Will the same logic prompt you to support the formation of a national-unity government?
"In light of the challenges confronting Israel, we need a broad-shouldered government. Both the Barak government and the Kadima government were ready to make far-reaching concessions, but did not achieve an agreement. Accordingly, at this point in time avoiding concessions does not put any agreement at risk. I suggest deferring ideological disagreements that are not relevant at this time and formulating minimal basic guidelines to enable the formation of a broad government."
If so, maybe it will be right for the broad government to be led by Tzipi Livni.
"Tzipi Livni was the acting prime minister and the foreign minister during the Second Lebanon War. She is responsible for the outcome of the war in Lebanon. The GOC Northern Command, the chief of staff and the minister of defense resigned. The prime minister is now concluding his term of office, but Mrs. Livni continues to shake off responsibility, is not drawing conclusions and is riding a white horse to the premiership."
Livni set herself apart from Olmert; she purports to represent a different politics.
"Livni promised a different politics and is implementing a different politics. It is so different. I have never heard of anything like it and I do not want anything like it here. All the cabinet ministers bear responsibility for the failure of the Second Lebanon War, certainly the acting prime minister. You know, you can't have it both ways. You can't both enjoy the luxury of a formidable title - and also say it's not me, it's him; both to be one step away from the throne and also to distance yourself. What kind of behavior is that? It is unacceptable. That behavior just goes to show that even though Livni has a modicum of legal education, she does not understand the fundamentals of our democratic and parliamentary system. One of the principles of that regime is the collective responsibility of the government. I understand that Livni's team of propagandists is explaining to her how to behave and how to absolve herself and how to label herself vis-a-vis Olmert, but it really is a travesty.
"In personal terms, I am certain that the foreign minister's behavior is impeccable. But her public behavior shows that she doesn't have a clue about the responsibility she is charged with.
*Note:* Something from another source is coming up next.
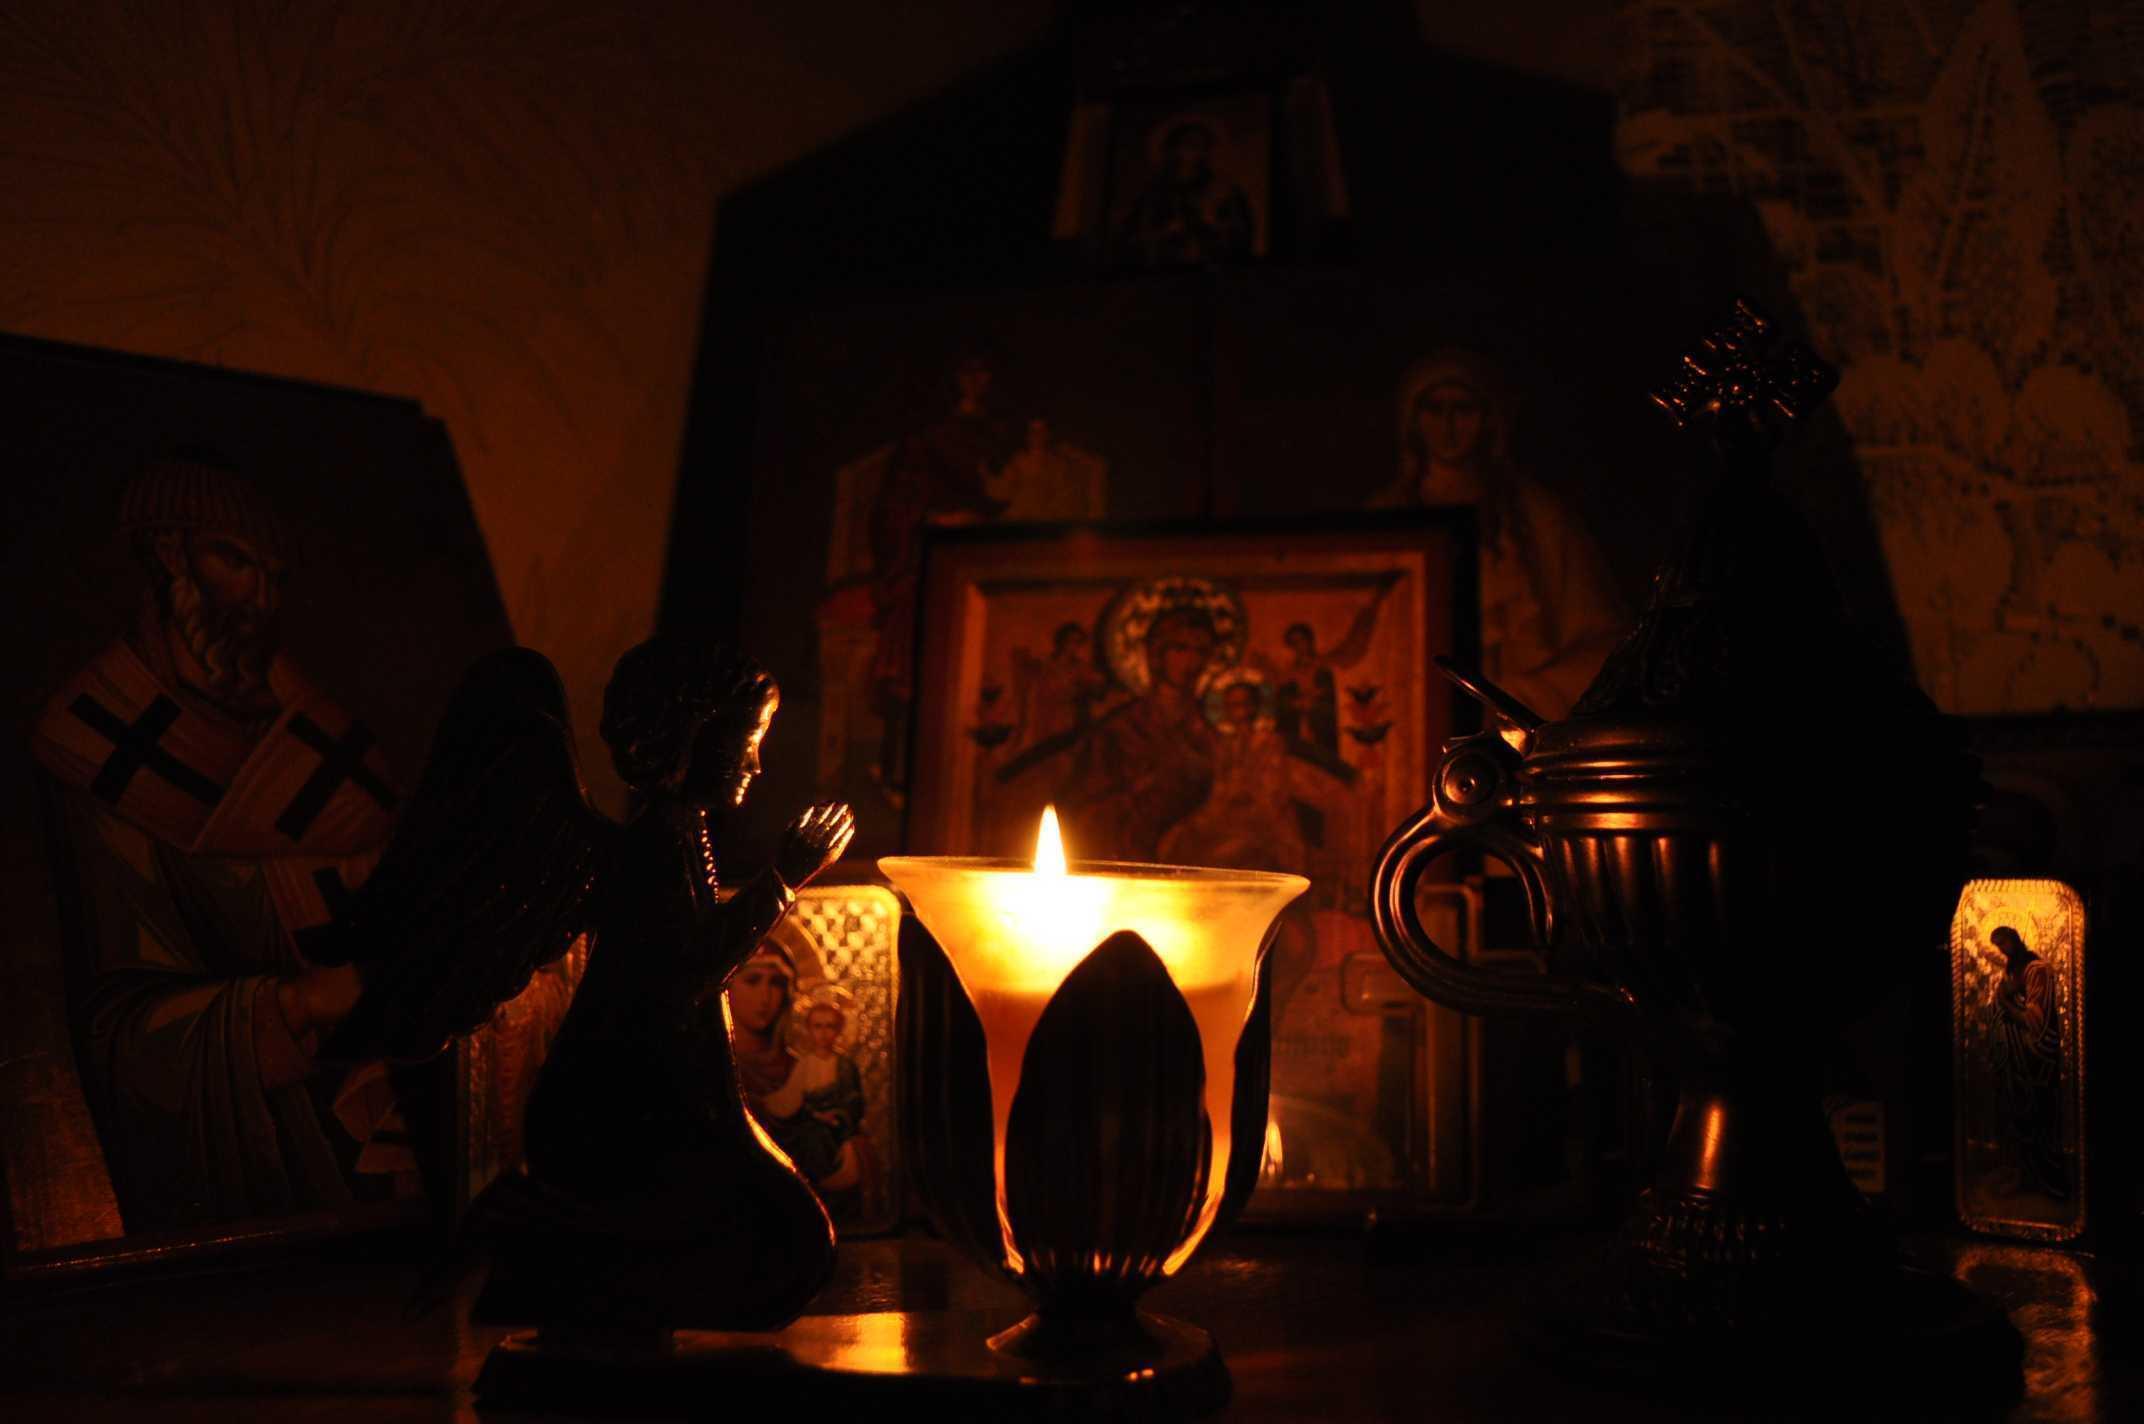 PARINTELE STANILOAE despre ORTODOXIE versus catolicism si protestantism: <i>&#8220;Biserica Ortodoxa n-a stirbit adevarul coborat de sus, n-a diluat vinul ceresc cu apa sfatoseniilor omenesti&#8221;</i>

An acting prime minister who informs the whole world that the prime minister must resign and then continues to serve under him is a political invention that is out of the question wherever basic democratic norms are preserved."
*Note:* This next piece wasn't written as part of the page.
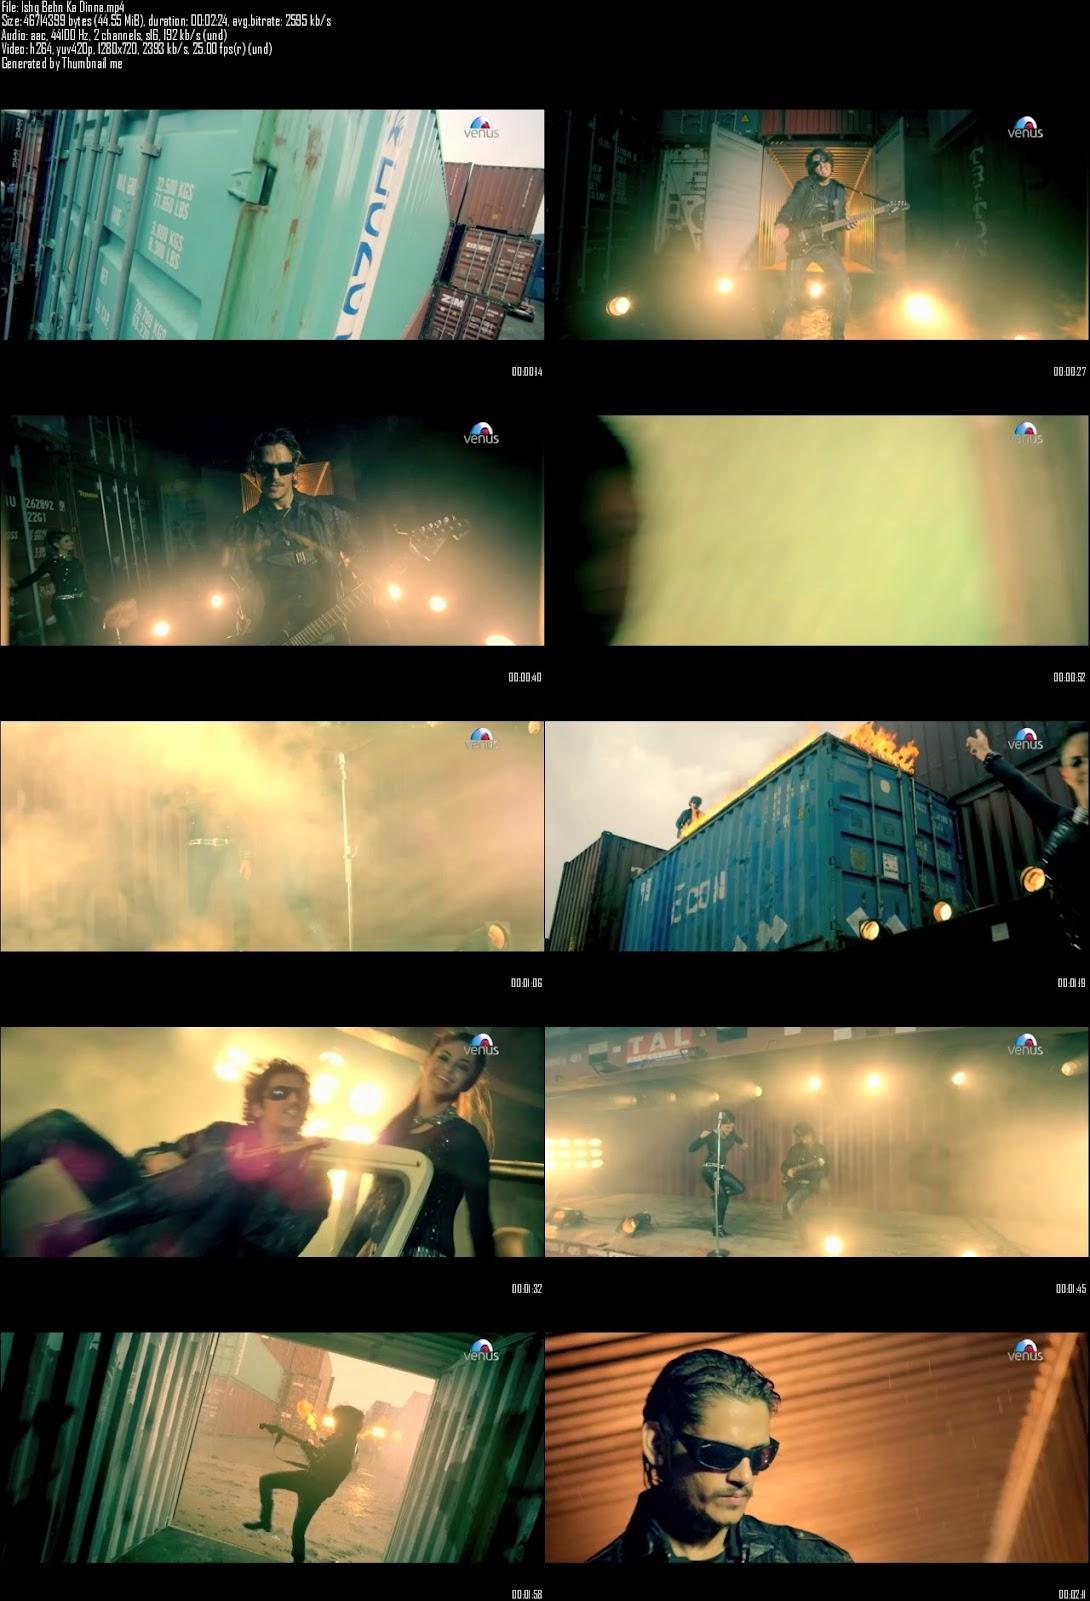 Ishq Behn Ka Dinna – Gang Of Ghosts (2014) Video | Song Free Download, Ishq Behn Ka Dinna – Gang Of Ghosts (2014) Video, Ishq Behn Ka Dinna – Gang Of Ghosts (2014) Video | Song Free Download.

The foreign minister is perceived as principled and untainted.
"The foreign minister bears responsibility for [Security Council] Resolution 1701, in which she takes great pride. Under the auspices of Resolution 1701, Hezbollah has tripled the number of warheads in its possession. The foreign minister is also responsible for the 'disengagement.' She marketed it enthusiastically and explained the tranquility that would descend upon us once the settlements would be uprooted, how we would leave the Gaza district and the terrorist organizations would take it over. She did not heed our warnings and cannot absolve herself of that grave mistake. Accordingly, it can be said that the foreign minister has repeatedly shown policy misjudgment.
"But in addition to the serious deficiency in judgment, Mrs. Livni has shown a serious deficiency in public courage. Even if she has an opinion, she does not stand by it. This is compounded by a serious deficiency in understanding the democratic process and responsibility as a senior member of the government. So the question is: Where is the limit? After a lengthy series of failures, is it still possible to say that she is worthy to be prime minister?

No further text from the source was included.